6 Aug, 2014 By: Erik Gruenwedel

Warner Bros. Home Entertainment Aug. 6 reported a near 27% increase in second-quarter (ended June 30) revenue to $563 million from home video and digital distribution of theatrical movies, compared with $444 million during the prior-year period.

Through the first half of the year, the home entertainment studio has generated almost $1 billion ($945 million) in revenue selling movies, which is up 5% from a year ago.

Principal drivers included packaged-media and electronic sellthrough releases of The Hobbit: The Desolation of Smaug and The Lego Movie (the latter released June 17) and growth in license fees from television production.

The Warner Bros. unit also generated $110 million distributing Warner Bros. Television both physically and digitally, which was down from $147 million a year ago. Indeed, packaged media sales and physical rental declined modestly in the quarter, offset in part by a 32% increase digital movie sales, according to CFO Howard Averill.

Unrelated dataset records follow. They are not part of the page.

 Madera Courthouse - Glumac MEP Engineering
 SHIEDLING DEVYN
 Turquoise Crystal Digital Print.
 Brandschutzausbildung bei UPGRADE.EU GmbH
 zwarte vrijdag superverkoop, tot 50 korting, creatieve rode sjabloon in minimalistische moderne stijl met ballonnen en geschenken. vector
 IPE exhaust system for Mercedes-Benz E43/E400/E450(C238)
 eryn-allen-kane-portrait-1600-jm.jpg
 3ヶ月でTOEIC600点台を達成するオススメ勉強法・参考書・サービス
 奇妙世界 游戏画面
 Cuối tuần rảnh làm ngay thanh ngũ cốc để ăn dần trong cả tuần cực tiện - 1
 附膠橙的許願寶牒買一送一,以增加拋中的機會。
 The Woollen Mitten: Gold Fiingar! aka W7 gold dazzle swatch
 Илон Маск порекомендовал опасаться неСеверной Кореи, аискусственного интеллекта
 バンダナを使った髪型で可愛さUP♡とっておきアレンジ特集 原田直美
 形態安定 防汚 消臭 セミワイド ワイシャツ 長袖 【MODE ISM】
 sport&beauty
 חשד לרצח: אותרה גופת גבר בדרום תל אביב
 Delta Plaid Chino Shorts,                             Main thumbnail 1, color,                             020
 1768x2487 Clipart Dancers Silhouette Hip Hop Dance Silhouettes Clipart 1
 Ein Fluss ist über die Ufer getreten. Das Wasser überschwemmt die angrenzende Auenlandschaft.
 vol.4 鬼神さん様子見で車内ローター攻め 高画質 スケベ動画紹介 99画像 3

"We remain encouraged with the continued digital transition in home entertainment," Averill said on the fiscal call with analysts.

Overall studio operating income increased 29% ($53 million) to $234 million. Revenue declined 2% ($71 million) to $2.9 billion mainly due to softer theatrical performances in the quarter compared to the prior year’s theatrical slate, which included Man of Steel, The Hangover Part III and The Great Gatsby.

It was the studio's most profitable quarter in 10 years.

Separately, HBO said it grew revenue 17% ($201 million) to $1.4 billion primarily due to inaugural SVOD licensing of select original programming to Amazon Prime Instant Video. Operating income increased 19% ($89 million) to $548 million.